Too often, once the characters in a horror movie arrive at the location where the scary shit is going to happen, they stop being active members of the story. They function as crash test dummies that the script can scare and abuse. You can feel the writer working backwards from the set pieces and filling in justifications rather than having characters pursuing goals.

The Taking of Deborah Logan makes the smart choice of having its protagonists investigating the context and causes of the supernatural incidents they’re experiencing. Rather than just sitting around waiting for the next spooky occurrence, they pursue clues that unravel what they’re dealing with and how they might stop it.

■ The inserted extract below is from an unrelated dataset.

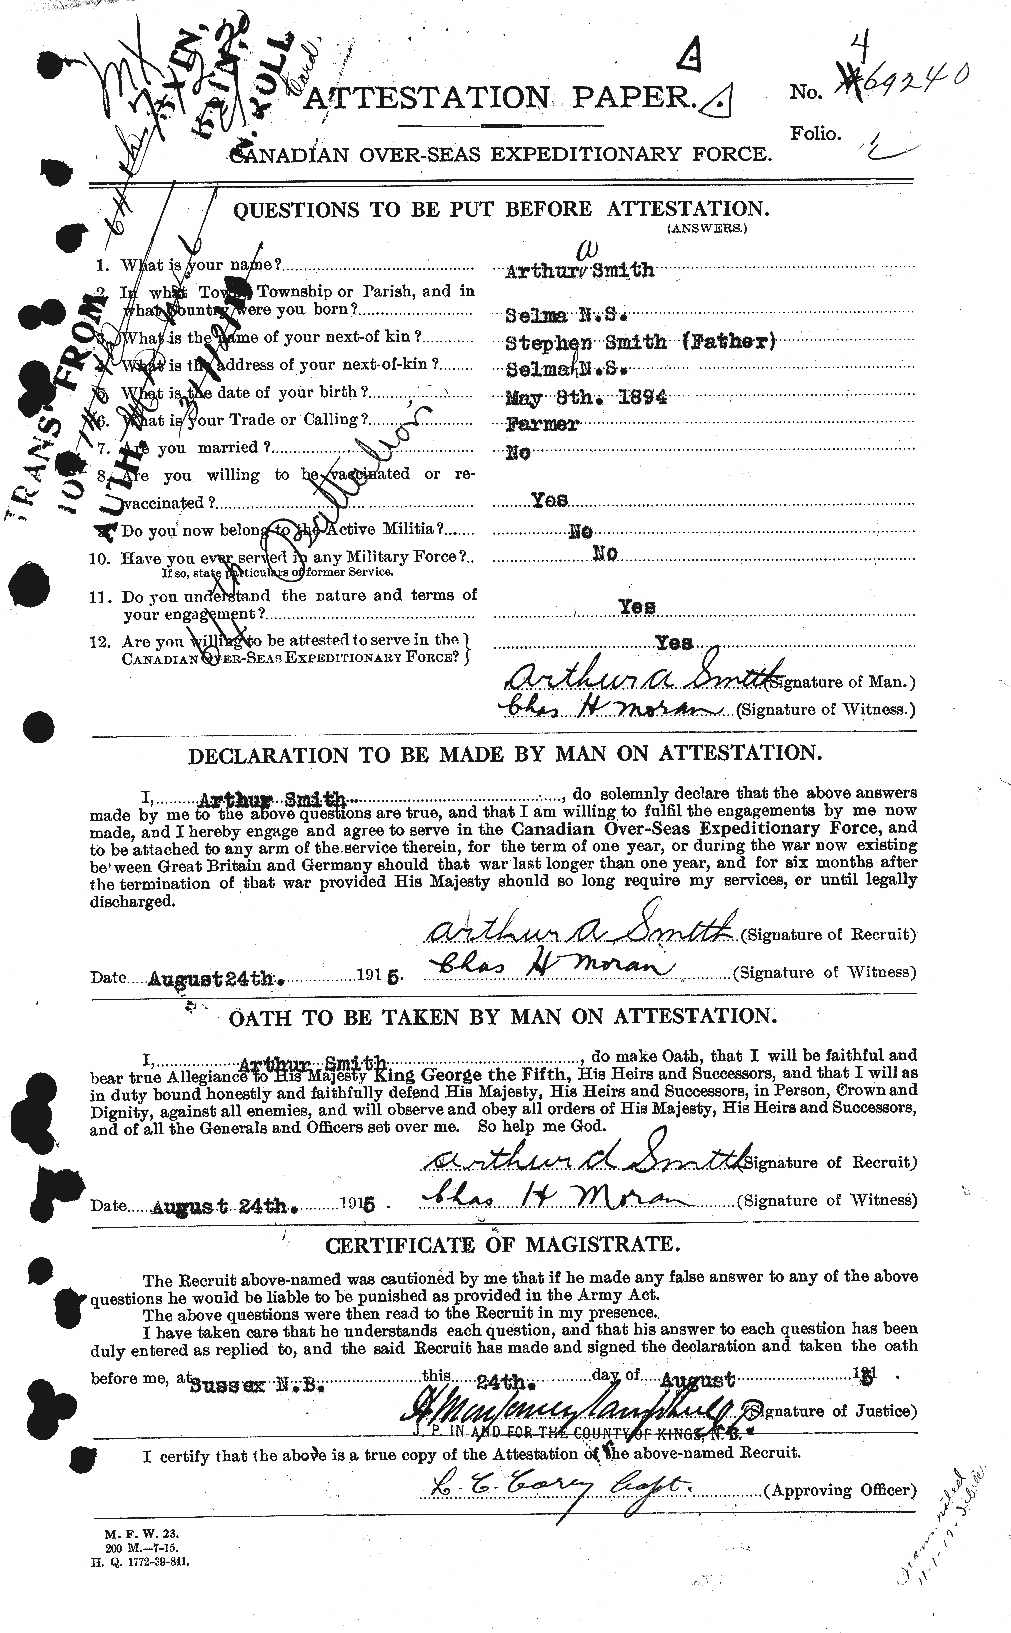 Personnel Records of the First World War - CEF 101970a

There’s a reason the cop procedural is such a reliable workhorse in TV. There are clear, external objectives, easy to follow progress for the plot (we’re another step closer to figuring this out), and the audience gets drawn into alignment with the main characters as both attempt to solve what’s happening.

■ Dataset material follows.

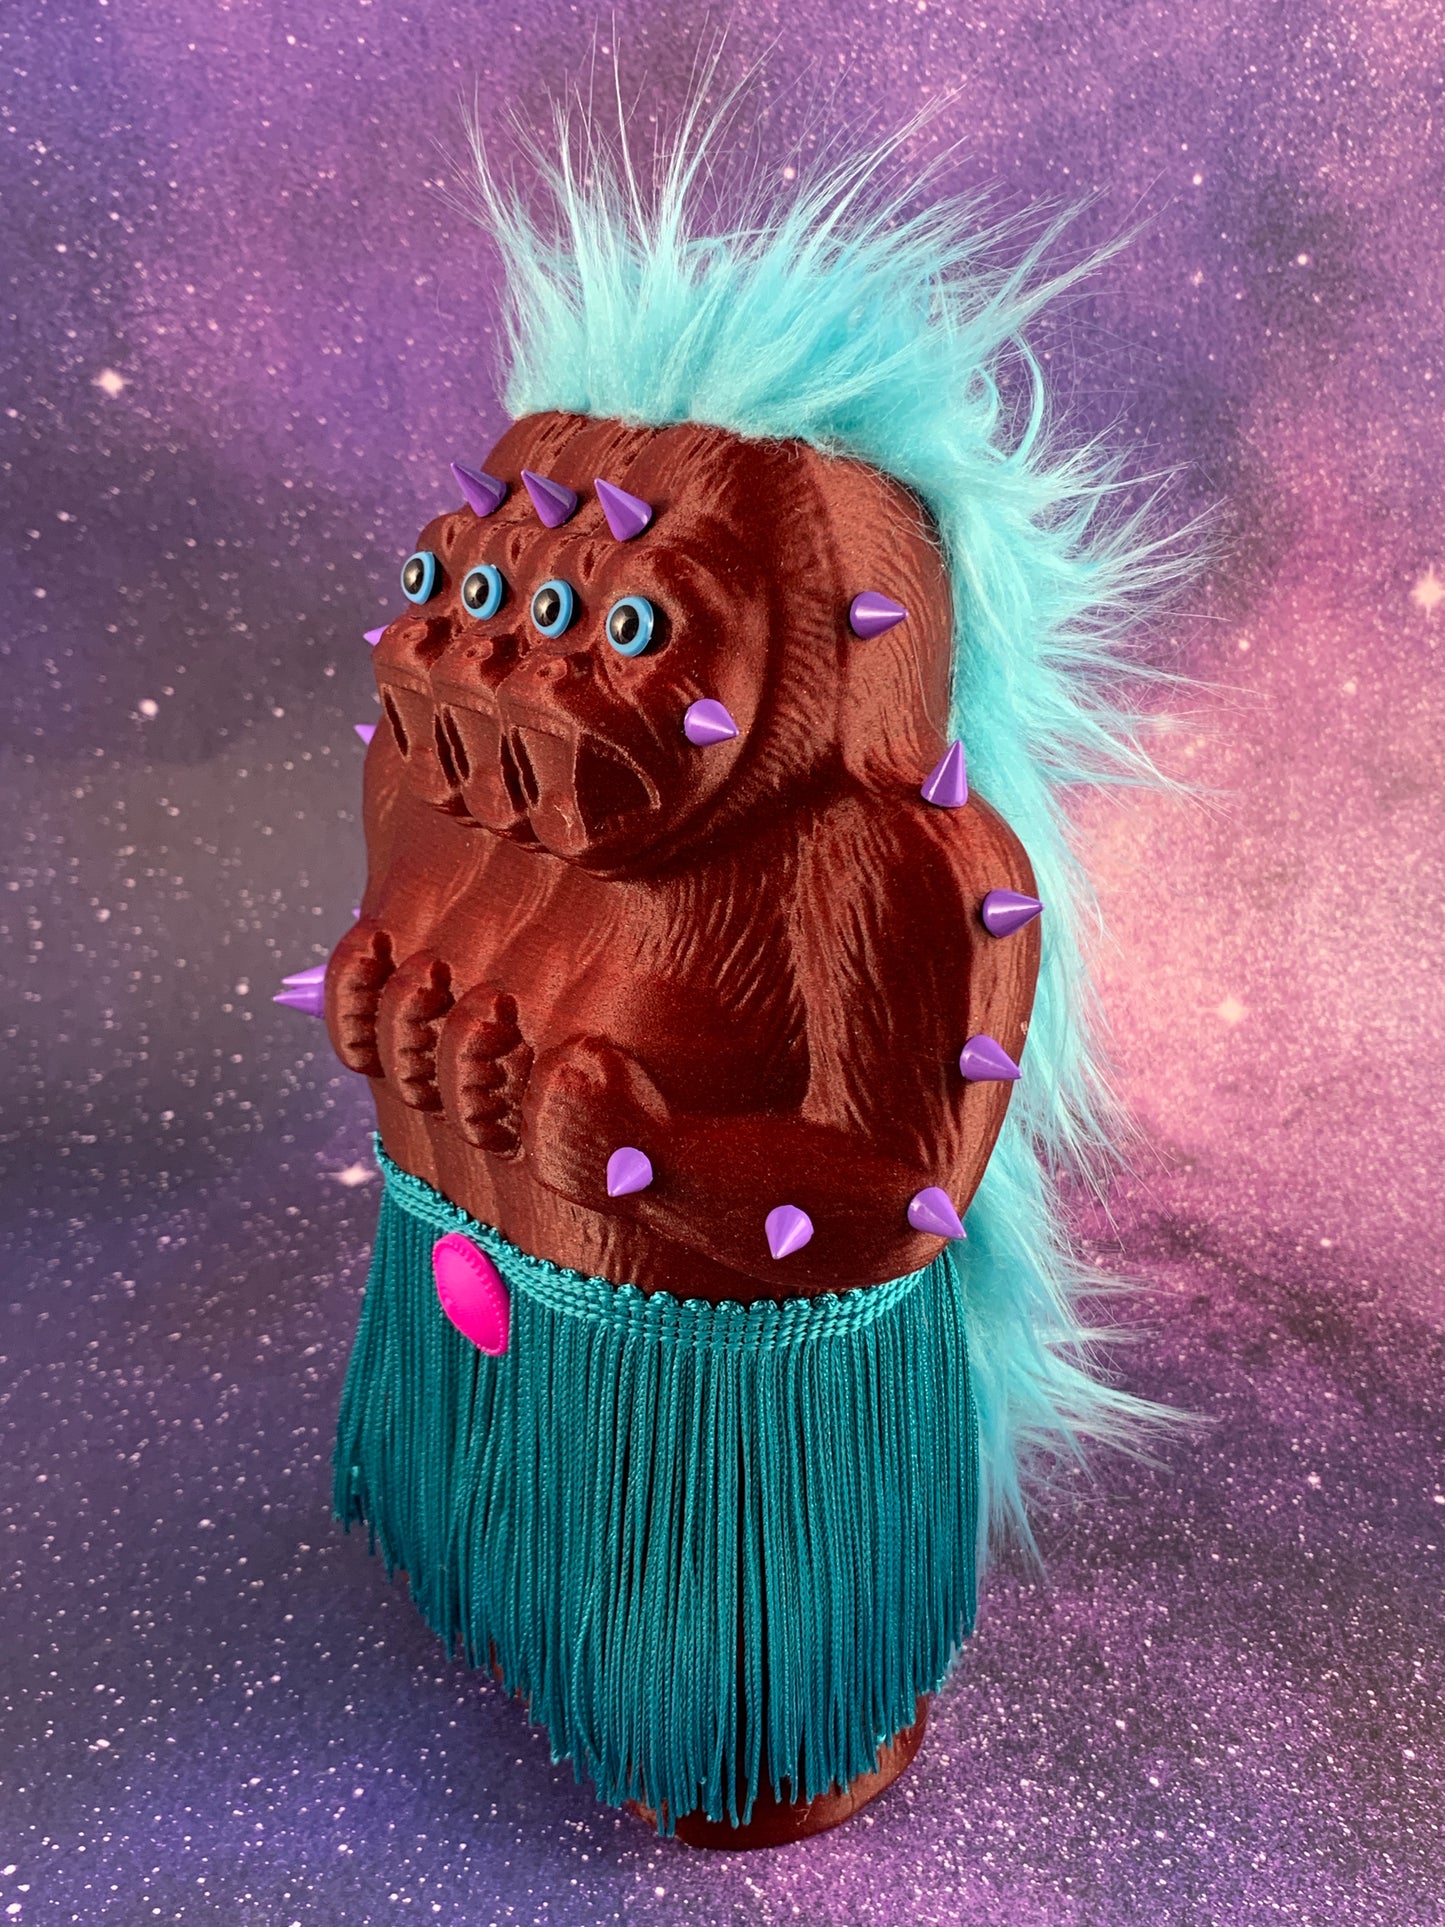 Royal Freak of Nature Ape From Beyond the Planets

But even if it doesn’t make sense for your characters to be investigating a mystery, do still try to find ways to make them active so that we can get invested and care about them.

Bonus Tip

Around the midpoint one of the three crew members gets fed up with the scary stuff and leaves. It’s a comedy beat that helps with the build and release of tension, but it also helps sell the reality of the movie. Often we ask ourselves “why are these people sticking around where they’re clearly in danger?” Having one of your characters say that out loud and checkout helps us trust the story more.